Oh, don’t be too hard on him. The poor kid hasn’t yet realized that there’s a difference between memorization of figures and the understanding of fundamentals required to use such numbers (once they’ve been looked up) in a design.
Here’s a little clarification. In another system that is also “mission-critical”, we have redundant everything, including a second server that runs in parallel. If one computer dies, the system switches over to the other one–kind of like a RAID computer (although it didn’t work the one time it should have).
Redundant everything is easy to justify in this system even though it was horribly expensive. If there’s a failure, the company grinds to a halt.
However, our process control system is different. Instead of one server, we’ll have 80, one in each plant. In some of the high-production plants, a failure will result in a substantial loss in production. In other plants a failure that requires an IBM service call may result in delayed production–meaning one or two people have to work a couple hours of overtime. In the few plants that typically work an 8 hour day, a failure (that is fixable in a few hours) has a 50/50 chance of not affecting production. Given that plus the internal rate of return and time value of money, not every redundancy will be economically justified.

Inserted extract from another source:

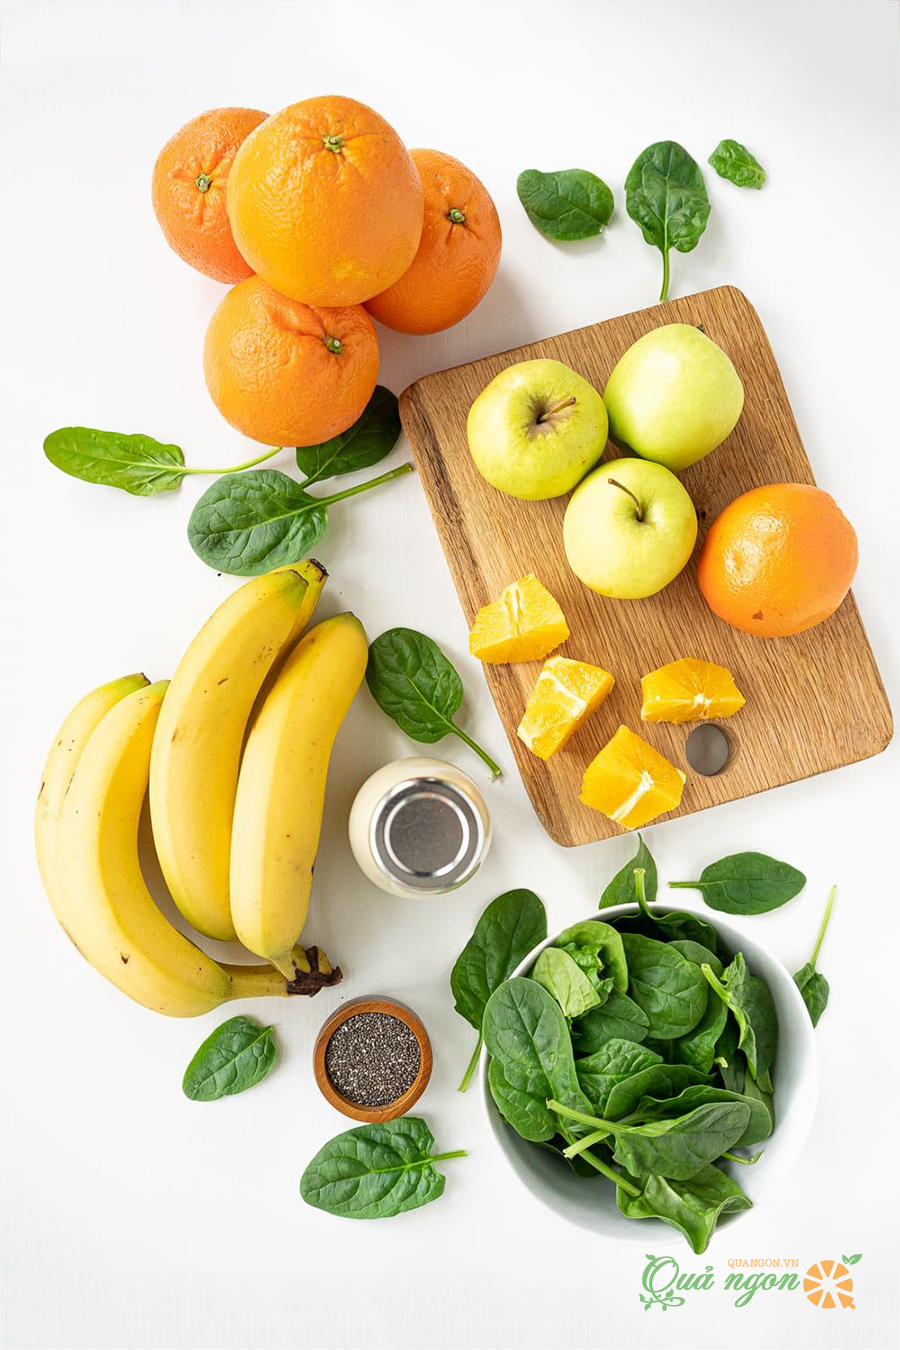 Chuẩn bị nguyên liệu gồm trái cây và rau xanh để làm sinh tố
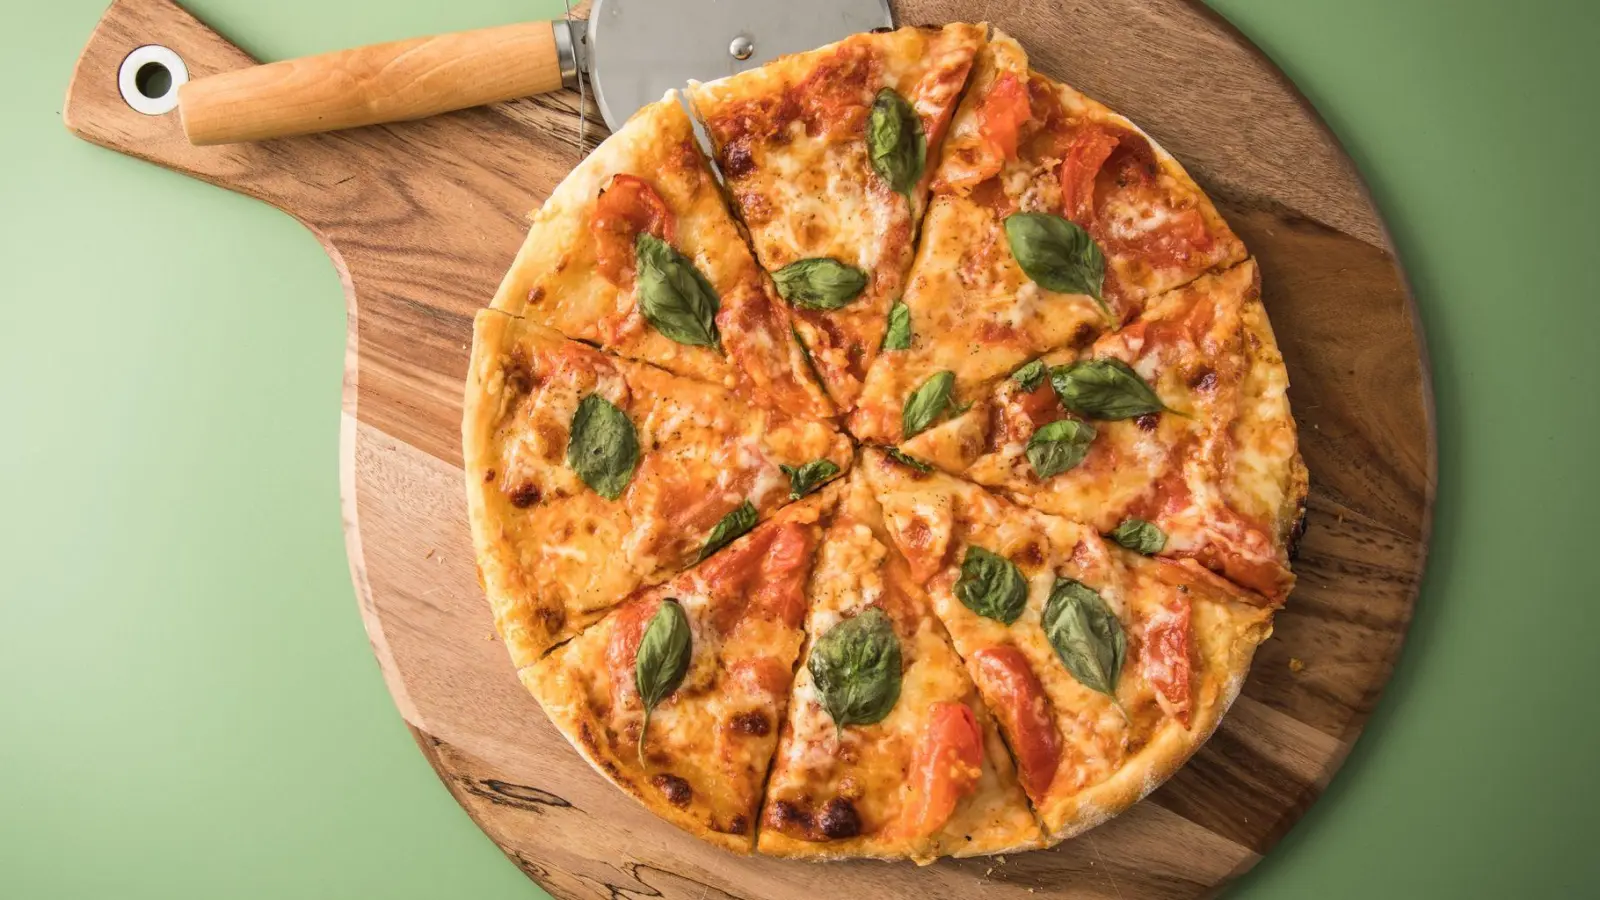 Pizza kann man mit Fertigteig schnell selbst machen - doch manche sind besser als andere. (Foto: Christin Klose/dpa-tmn)

Complicating the economic analysis is the fact that we do have IBM service with a guaranteed response time of 4 hours. Furthermore, we have 40 of the servers already, and they have little redundancy (due to our last generation operating system that choked on things like RAID). Retrofitting them with, say, redundant power supplies will be more expensive than upgrading new orders from a 1 to 2 power supply box.
Since many of these plants are out in the sticks, they can’t run out to Fry’s to get more parts. So, we have to look at each part, not just drives and power supplies . We have to decide what gets redundancy, what has spare parts available, if we have entire spare computers available, and which parts we leave up to IBM to replace, all on a plant-by-plant basis.
But to do this analysis, I need MTBFs. I’m sure server farms have good data on this, but they probably consider it proprietary info. But surely someone keeps track of it in a statistical way and publishes it, maybe even computer magazines. My google searches resulted in nothing good.
Anthracite, the motherboards you saw had a shorter MTBF than HDs? My limited, anecdotal experience has been much different. Haven’t you found the same?
engineer_comp_geek, I’ve never seen this info listed by computer companies, especially component-by-component (although I’ve never looked before). I scoured IBMs site and couldn’t find this kind of info. Is it typical, or do I just suck at searches?